Characterization of an x-ray tube-based ultrahigh dose-rate system for in vitro irradiations.

Abstract

To present an x-ray tube system capable of in vitro ultrahigh dose-rate (UHDR) irradiation of small<0.3mm samples and to characterize it by means of a plastic scintillation detector (PSD). A conventional x-ray tube was modified for the delivery of short UHDR irradiations. A beam shutter system with a sample holder was designed and installed in a close proximity of an x-ray tube window to enable<1 s irradiations at UHDR. The dosimetry was performed with a small 0.5-mm long 0.5-mm in diameter PSD irradiated with 80, 100, and 120 kVp beams and beam currents of 1-37.5mA. The PSD signal was recorded at frame rates of 20 and 50 fps for shutter exposure between 100 and 1125ms. Irradiation reproducibility was studied with the PSD. The x-ray tube irradiation setup was modeled with Monte Carlo (MC) and dose on a surface of a phantom was also measured with films. The effect of dose delivery uncertainty to 300-μm spheroids due to positioning and spheroid size was evaluated. MC simulations showed good agreement with PSD measurements acquired at both frame rates of 20 and 50 fps in terms of beam temporal profile. PSD-measured dose exhibited excellent linearity as a function of instantaneous dose rate from 3.1 to 118.0Gy/s as well as shutter exposure time from 100 and 1125ms for all investigated beam energies. PSD absorbed dose for the 80, 100, and 120 kVp beams agreed with MC simulations to within 5%. The total delivered doses ranged from 0.4Gy for a 1-mA, 80 kVp beam, and 100ms shutter exposure to 166.9Gy for a 37.5-mA, 80 kVp beam, and a 1125ms exposure.
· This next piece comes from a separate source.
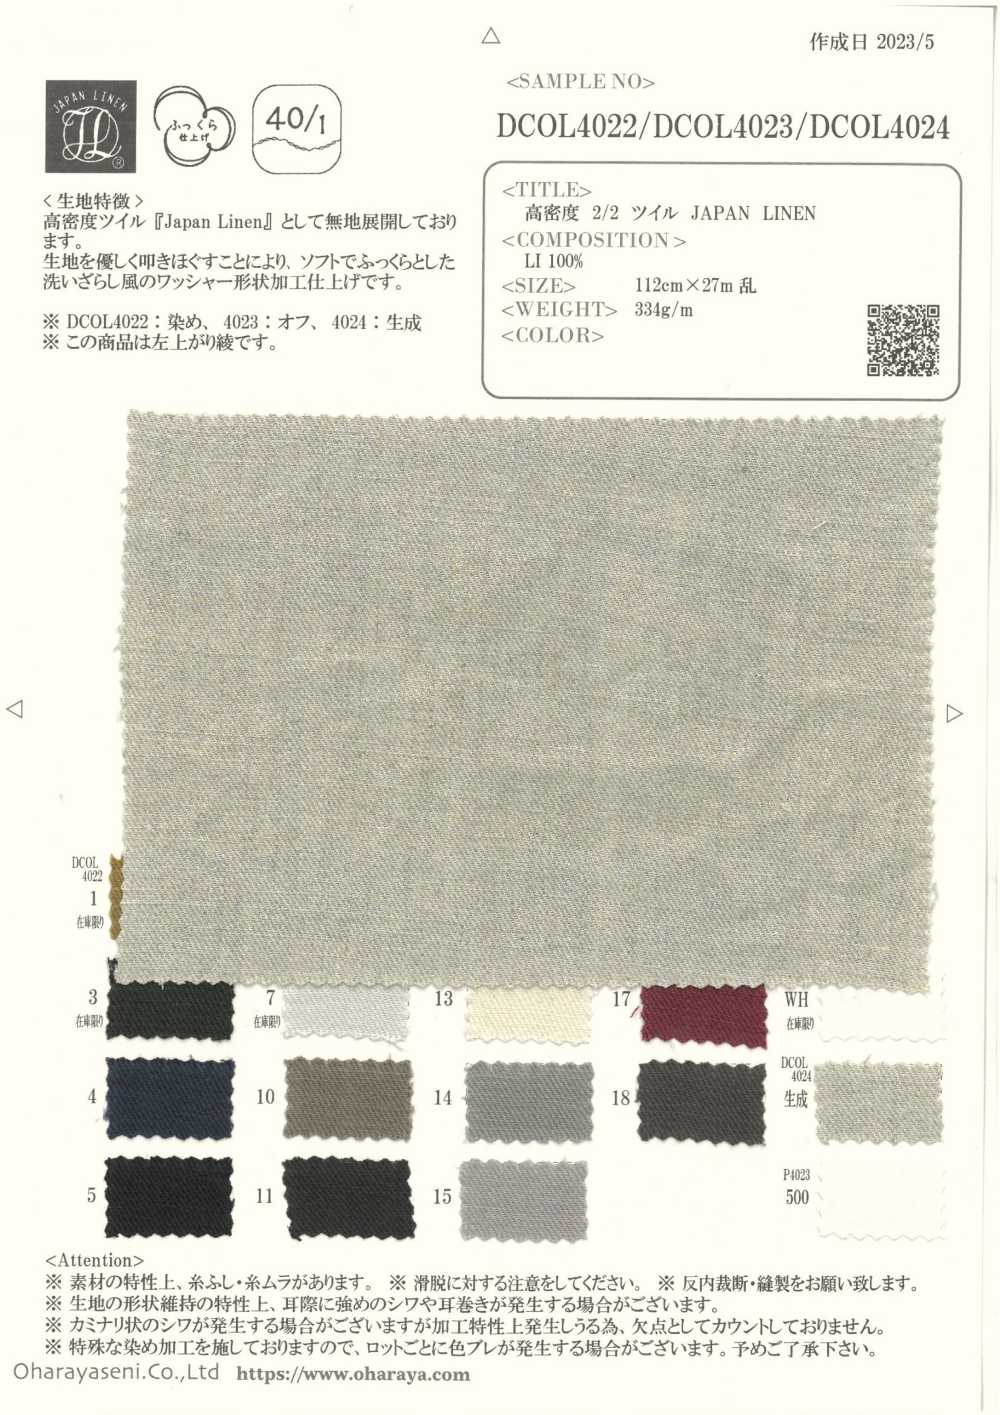 DCOL4023 LINHO JAPÃO DE Sarja 2/2 De Alta Densidade[Têxtil / Tecido] Oharayaseni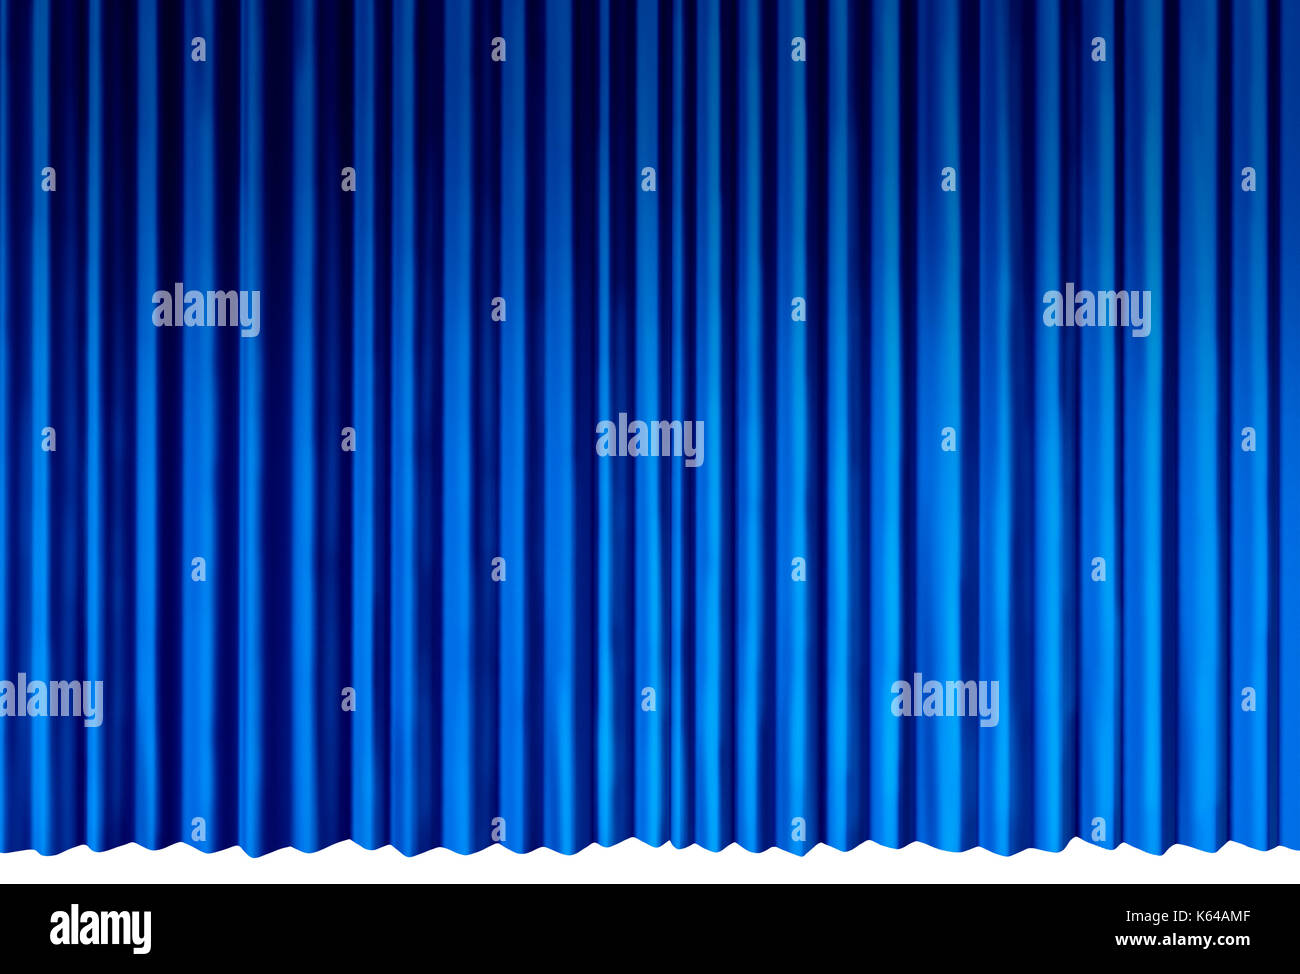 Rideaux bleu indigo comme objet cool rideaux de velours qui représente l'étape de divertissement théâtral isolé sur un fond blanc comme un 3d illustration. Banque D'Images

PSD irradiation reproducibility was<0.5%. Simulated and measured dose fall off agreed and it was steep along the axis of the shutter slit (1%/0.1mm) and with depth (2%/0.1mm at 1-mm depth). Spheroid positioning uncertainty of 300μm resulted in dose difference of<3% for x and y shifts but up to 7% uncertainty for a z-shift parallel to the beam axis. A 16% difference in spheroid size resulted in<5% dose difference in spheroid absorbed dose. We have presented a cost-effective x-ray tube-based system with a beam shutter designed for in vitro UHDR delivery and reaching dose rates of up to 118.0Gy/s. The described shutter system can be easily implemented at other institutions, which might enable new researchers to investigate the radiobiology of UHDR irradiations in vitro.